::: SUPPLIED DATA
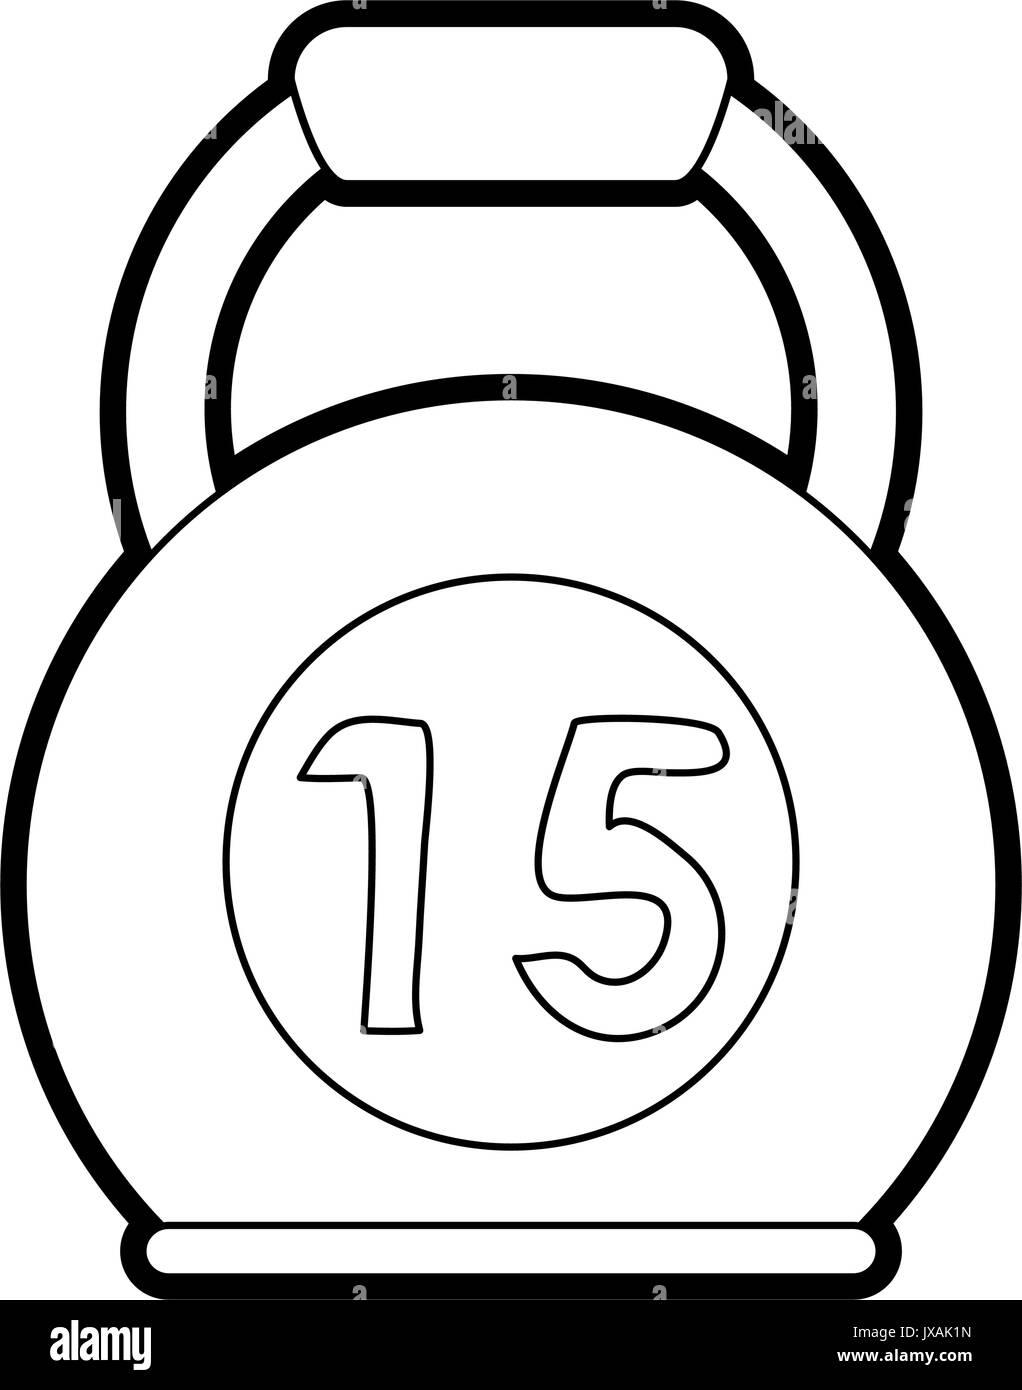 kettlebell vector illustration - Stock Image
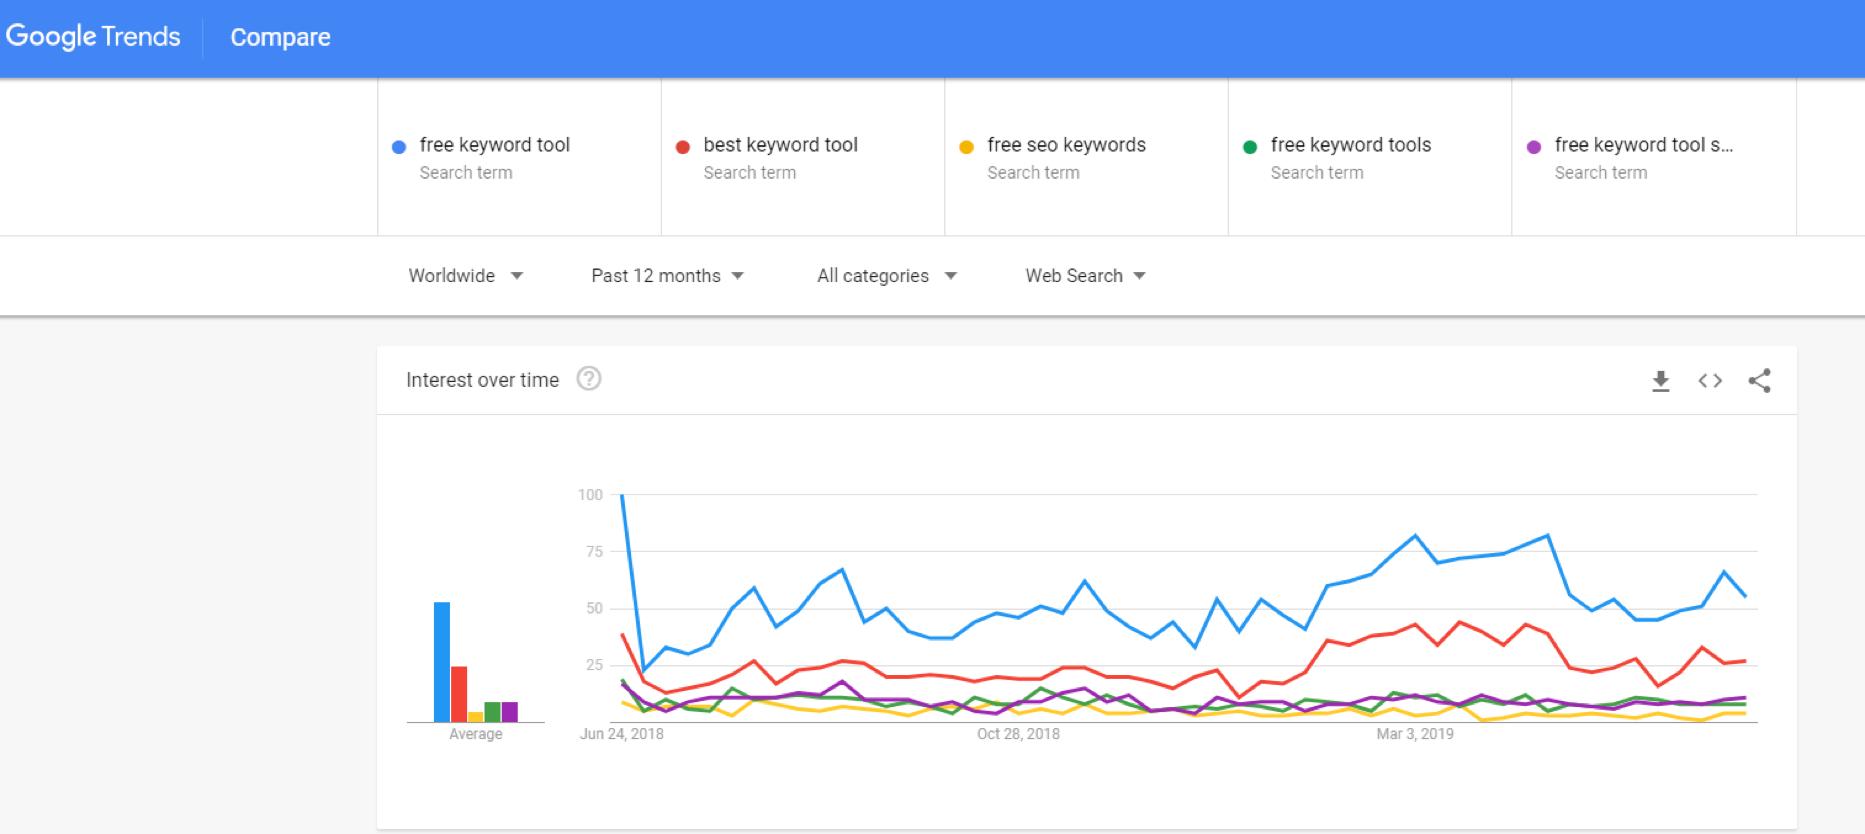 Wesley Clover - Free Keyword Tools - Google Trends
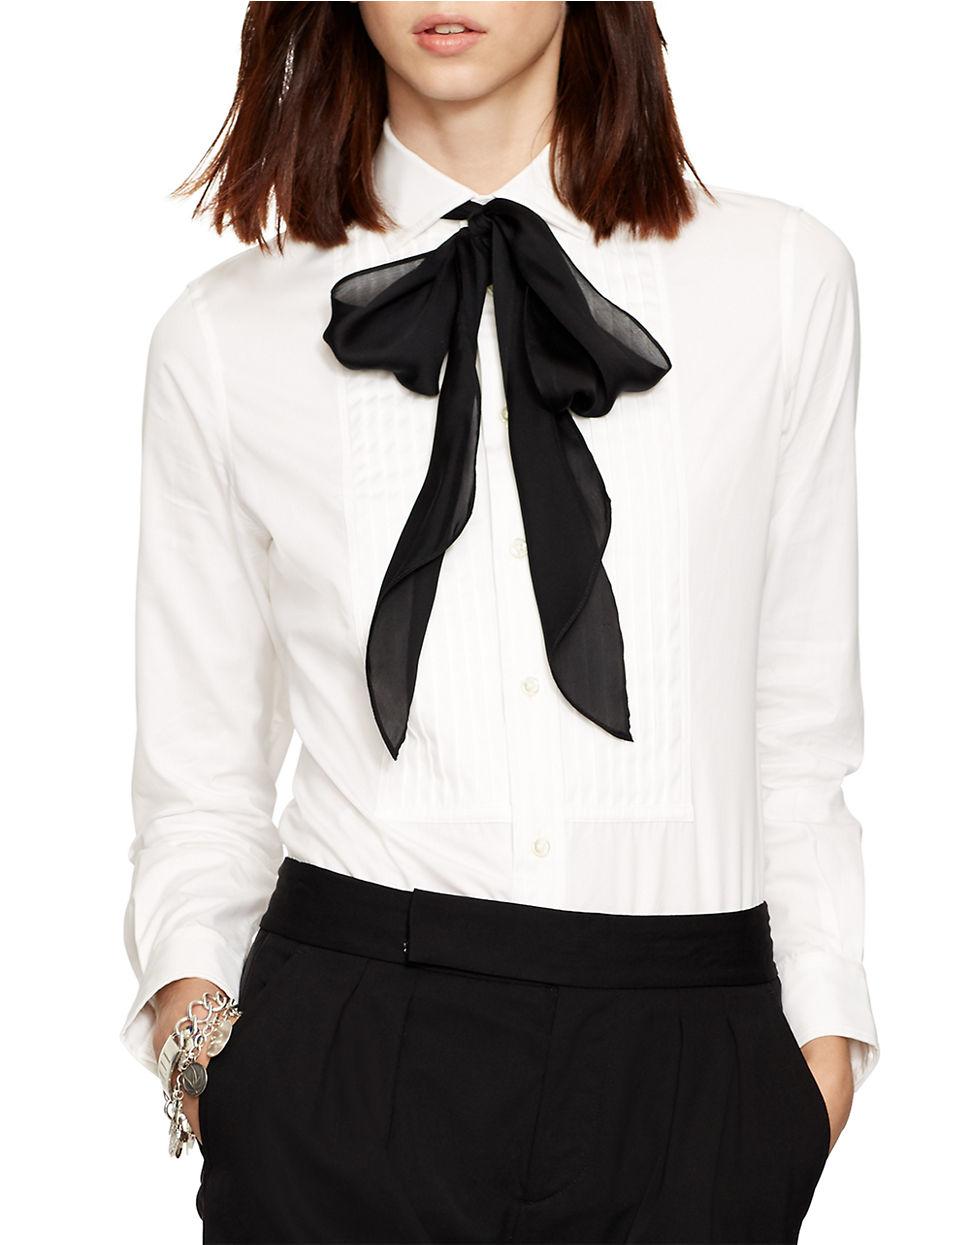 3ddb869ec12a4c Polo Ralph Lauren Cotton Poplin Tuxedo Shirt in White - Lyst
::::::
PROBLEM DETAILS: Your task is to retype exactly, and only, the lines from the one that holds "Wesley Clover - Free" through the end of the listing, both end lines included, without any pictures.

ANSWER SECTION:
 Wesley Clover - Free Keyword Tools - Google Trends
 3ddb869ec12a4c Polo Ralph Lauren Cotton Poplin Tuxedo Shirt in White - Lyst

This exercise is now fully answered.